The most recent prior work presents rule-based systems instead of machine learning-based
systems. Zhou et al. [13] defined a list of trigger words such as for, since, and on, which was
then used in conjunction with semantic role labeling (SRL) to identify temporal prepositional
phrases related to verbal events, and their system achieves 84.1% accuracy on coarse-grained
classification. Finally, Yang et al. [14] defined temporal patterns involving keywords such as
for, take, spend, last, lasting, duration, and period, and performs temporal pattern extraction,
achieving 76.9% on coarse-grained classification and 76.2% on fine-grained classification.
   These approaches have used two existing duration datasets: the McTaco dataset and the
TimeBank Duration dataset. McTaco was built by giving crowdsourcers a sentence and asking
them how long each event in the sentence lasted [15], which defined a possible range for
each event. However, it should be noted that the dataset contains only a few hundred event
durations. The TimeBank Duration dataset contains 58 news articles in which each event is
annotated with lower-bound and upper-bound duration [16]. However, the corpus has only a
44% inter-annotator agreement for fine-grained classification, which is quite low; this perhaps
is a result of the fact that determining the duration of an event can be highly subjective.
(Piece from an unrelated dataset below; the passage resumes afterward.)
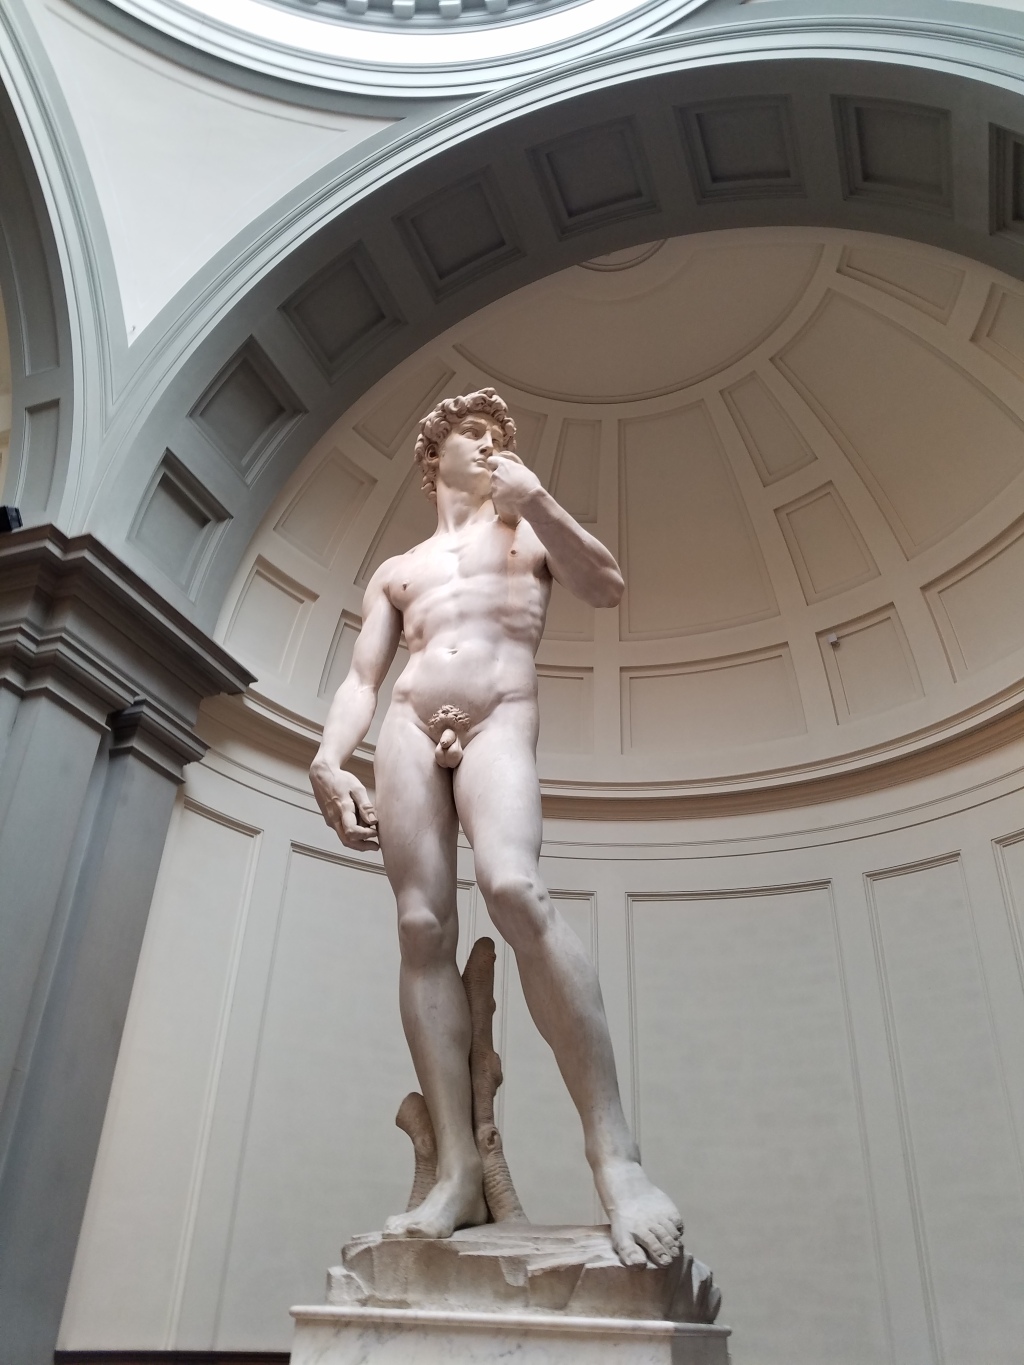 Michelangelo’s David

The
reason why prior approaches have high accuracy when the agreement score is low is that they
use relaxed matching to evaluate their accuracy. For example, if the targeted event has [3 hours,
3 months] as lower and upper bound duration, a relaxed matching approach will accept the
system’s prediction as correct if the system’s output is hours, days, weeks, or months.
   In addition to low inter-annotator agreement, the TimeBank Duration dataset contains many
questionable annotations. First, many of the duration ranges seem to depend strongly on the
limited size of the corpus. The following example from the dataset indicates that think takes
from 3 months to 3 years, ignorance and fear take from 1 year to 20 years, both oddly specific.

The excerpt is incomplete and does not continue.